Data provided:
########################################

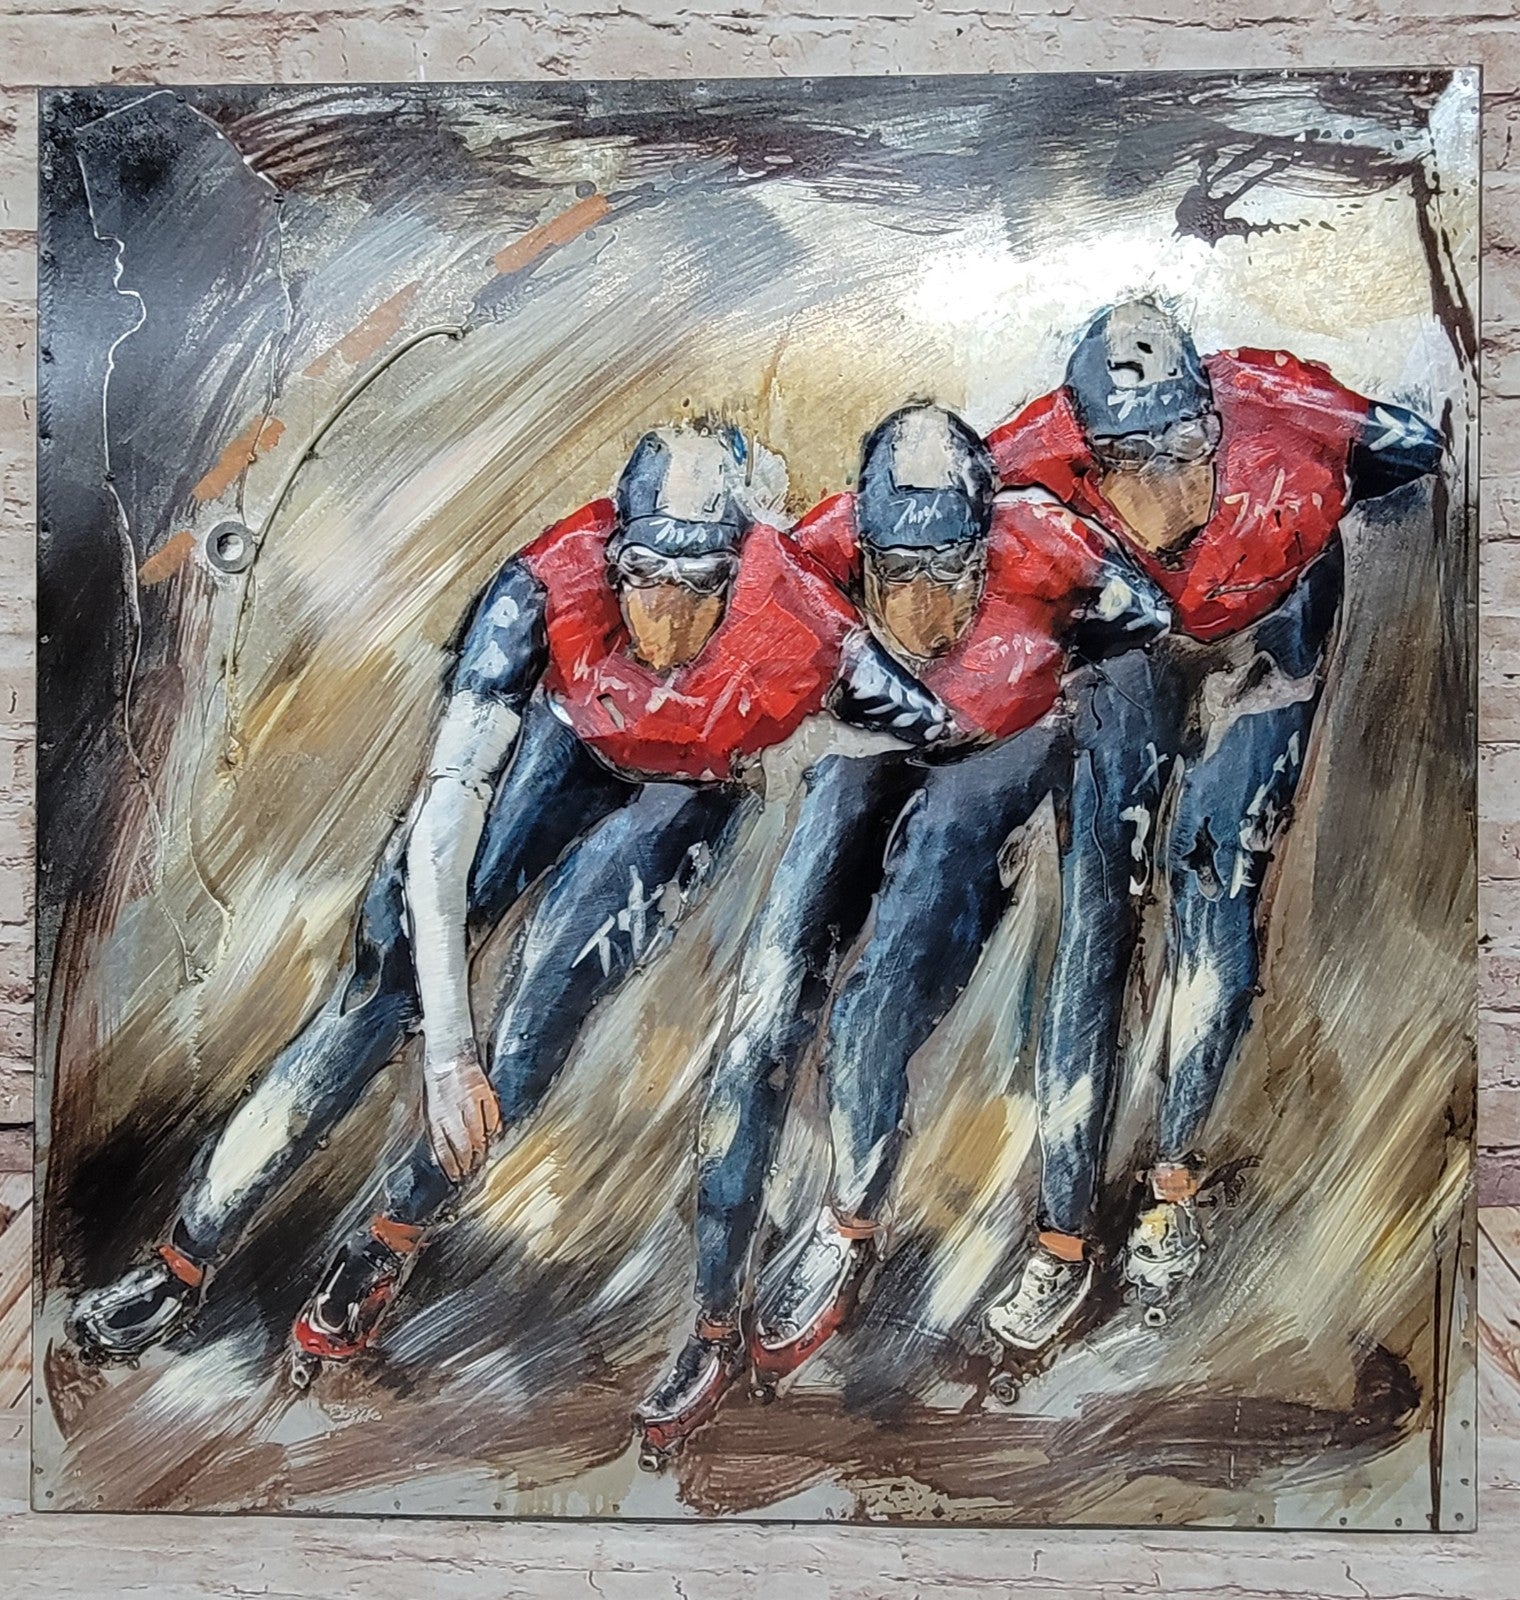 Competition in team work on Skating Roller Blading 3-D Oil Painting 32 by 32 inches
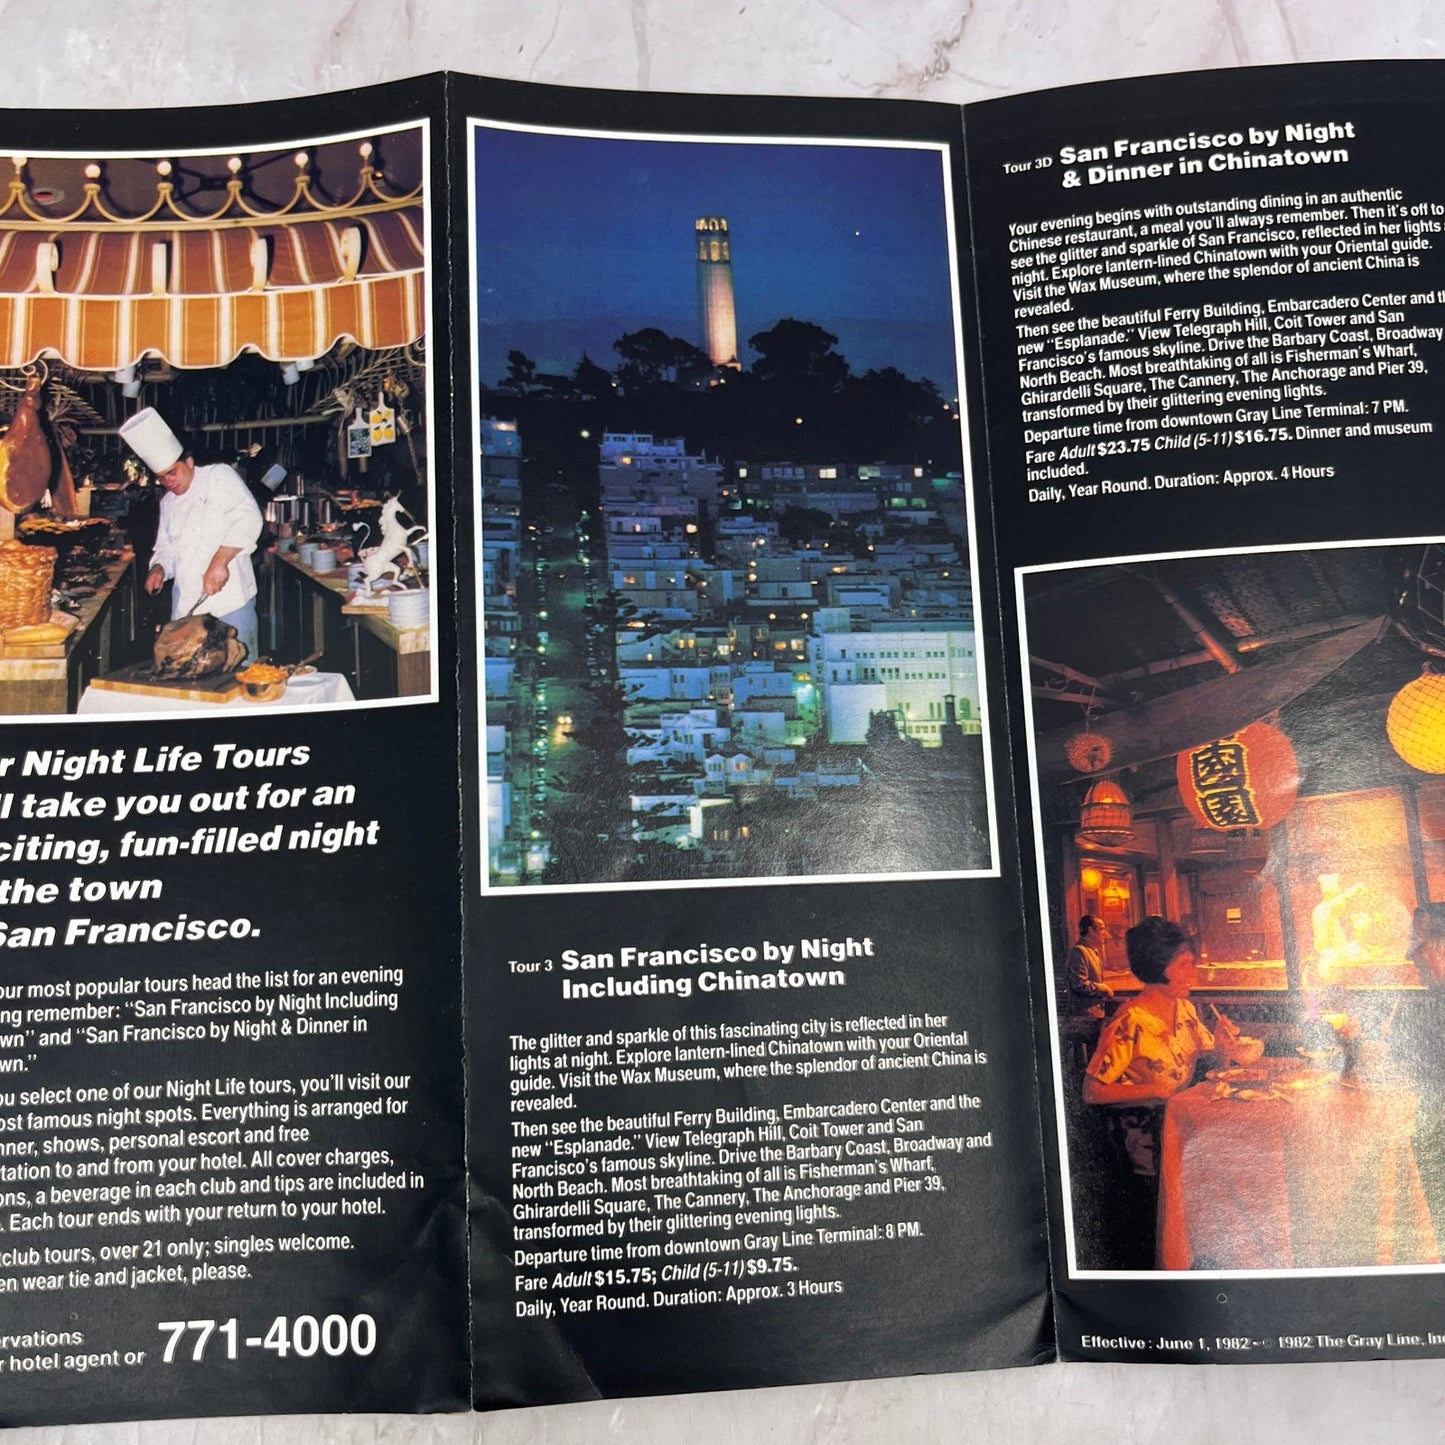 1970s Gray Line San Francisco Night Life Tours Fold Out Travel Brochure TH9-CB
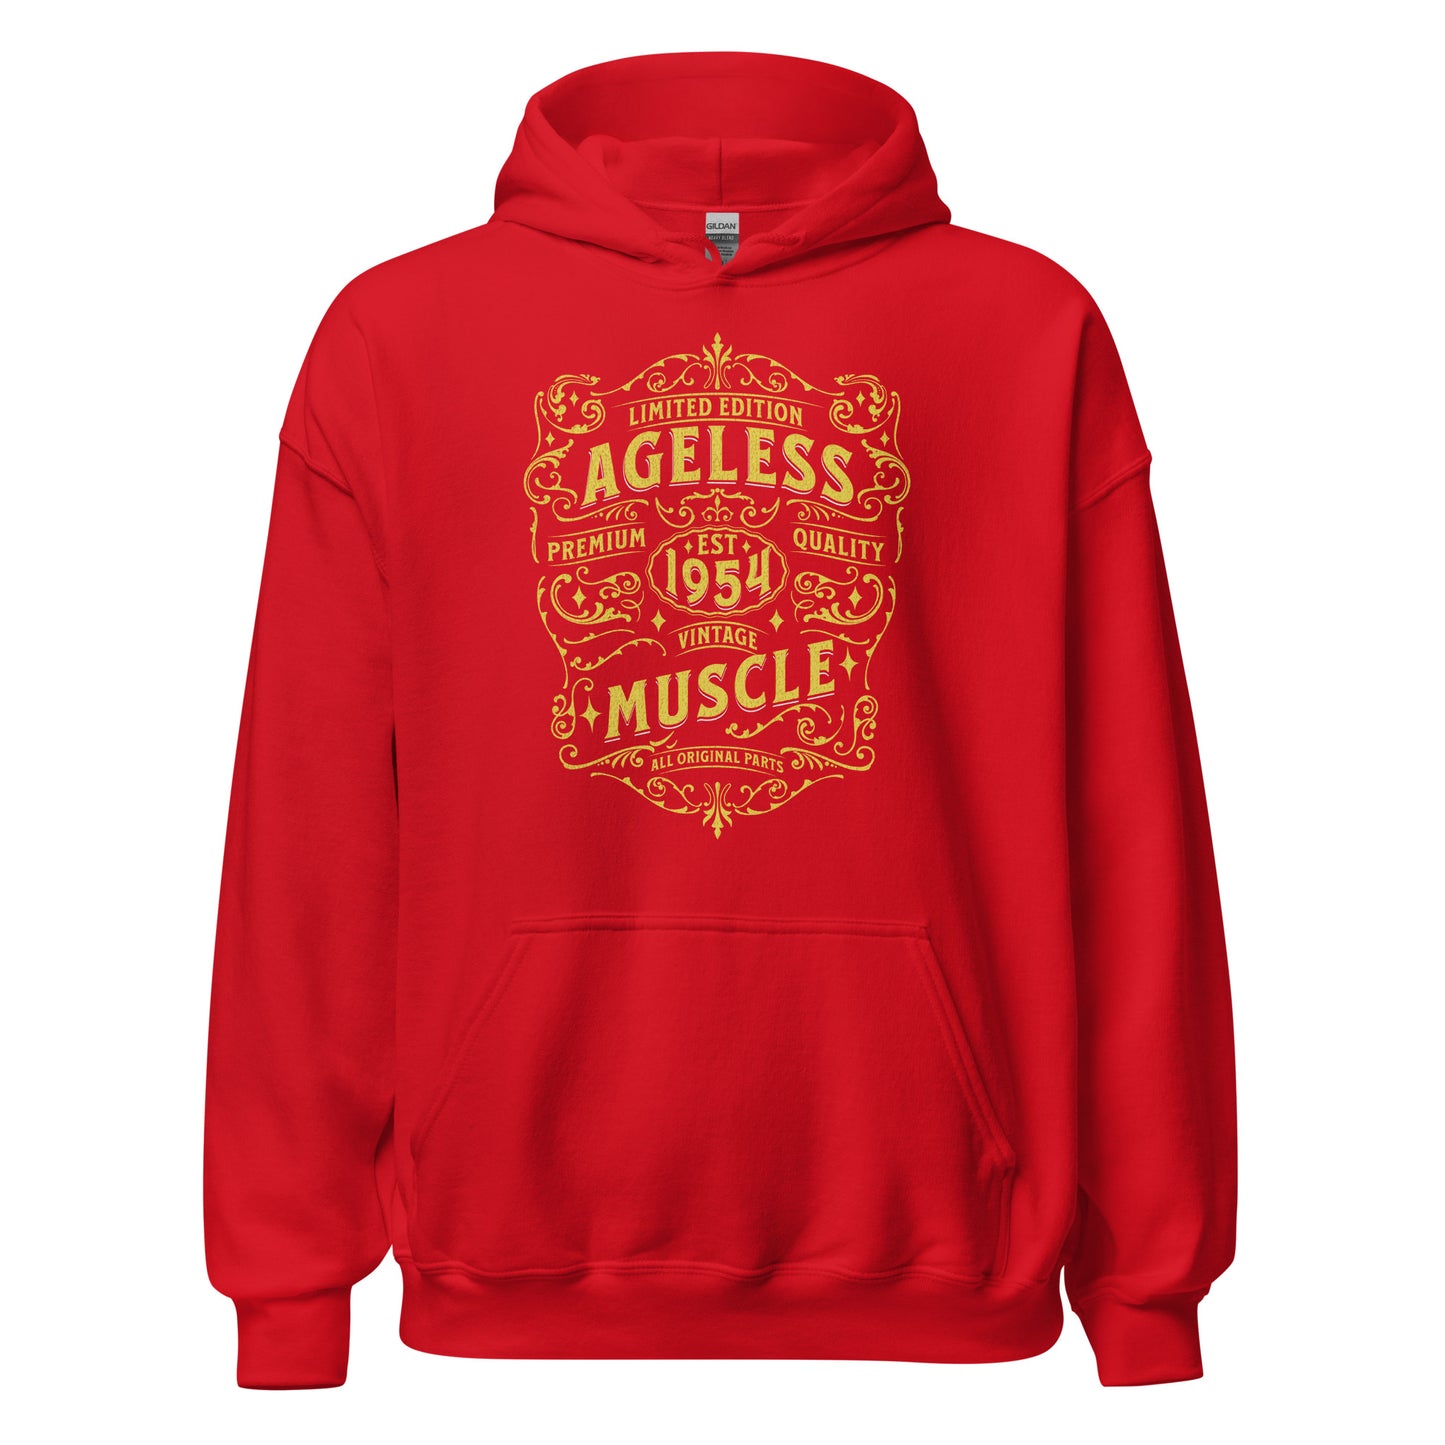 Ageless Muscle: Limited Edition Unisex Hoodie

########################################

Work required:
Please retype the material in full, exactly as it reads, apart from the images.

Response to the exercise:
 Competition in team work on Skating Roller Blading 3-D Oil Painting 32 by 32 inches
 1970s Gray Line San Francisco Night Life Tours Fold Out Travel Brochure TH9-CB
 Ageless Muscle: Limited Edition Unisex Hoodie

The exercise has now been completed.